- _Information given_
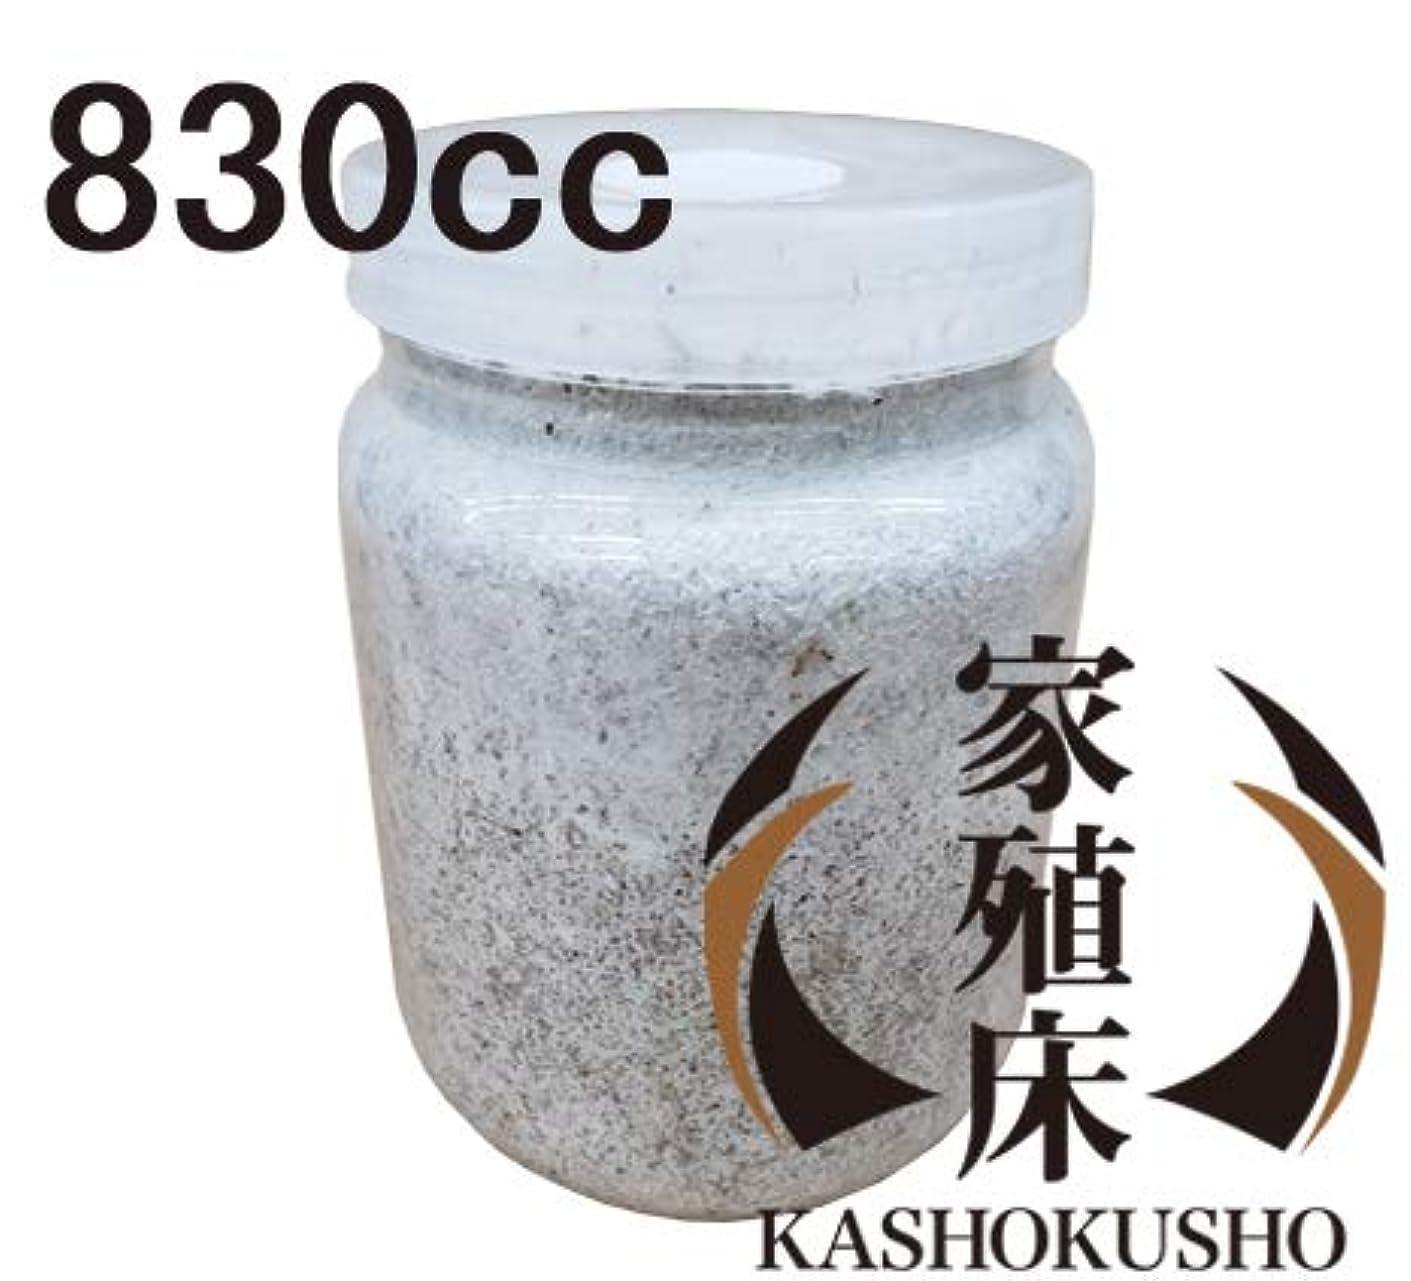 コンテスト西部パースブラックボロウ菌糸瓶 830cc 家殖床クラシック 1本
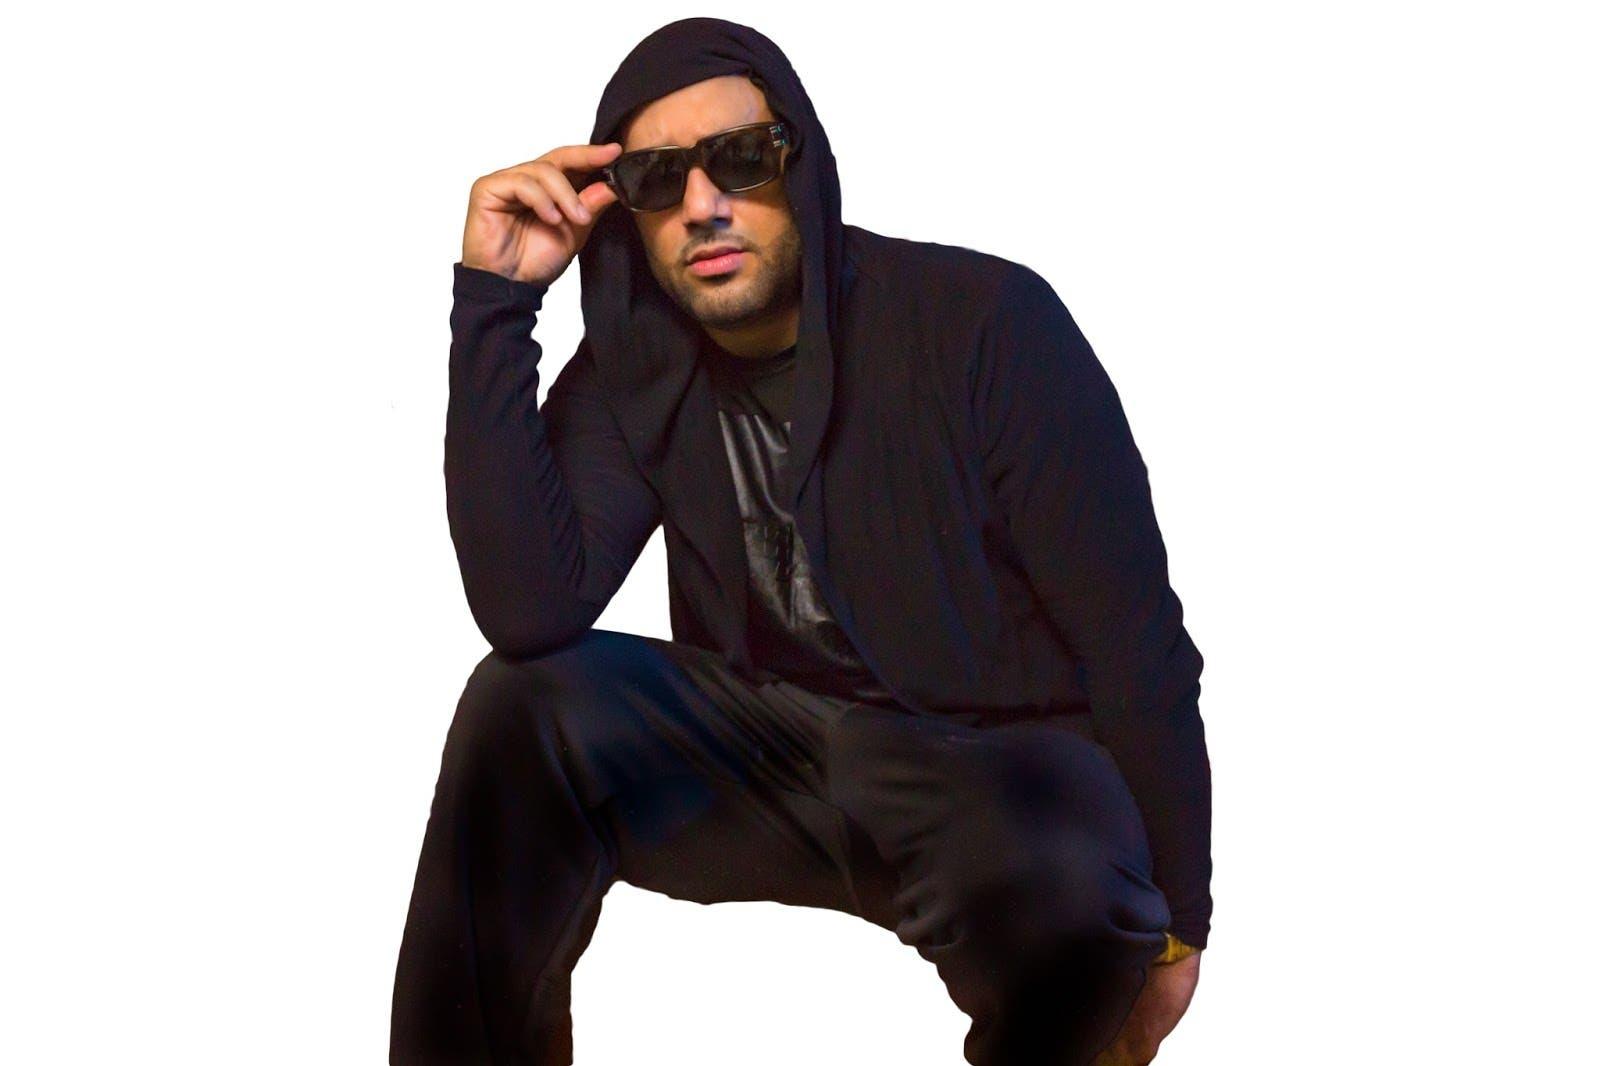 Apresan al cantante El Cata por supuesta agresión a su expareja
...
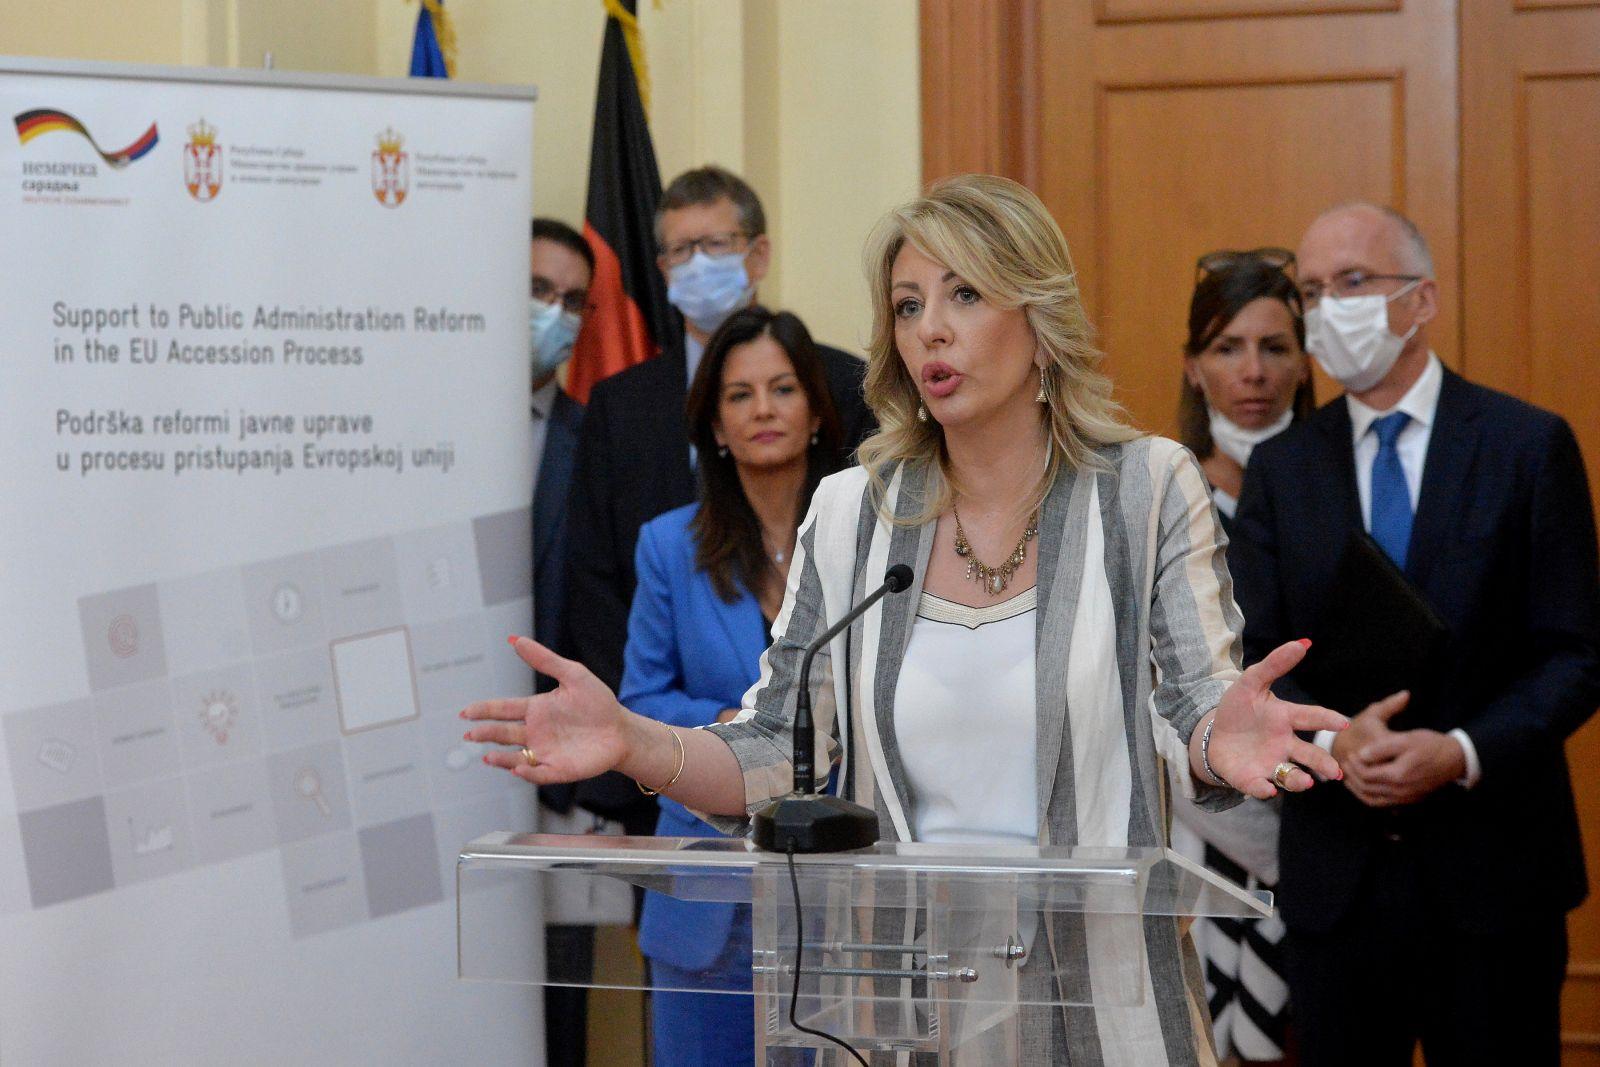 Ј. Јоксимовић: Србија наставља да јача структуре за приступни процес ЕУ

- _Task statement_
Output exactly the lines above, beginning at the one with "コンテスト西部パースブラックボロウ菌糸瓶 830cc 家殖床クラシック 1本" and stopping after the one with "Apresan al cantante". Pictures are to be omitted.

- _Response to this exercise_
 コンテスト西部パースブラックボロウ菌糸瓶 830cc 家殖床クラシック 1本
 Apresan al cantante El Cata por supuesta agresión a su expareja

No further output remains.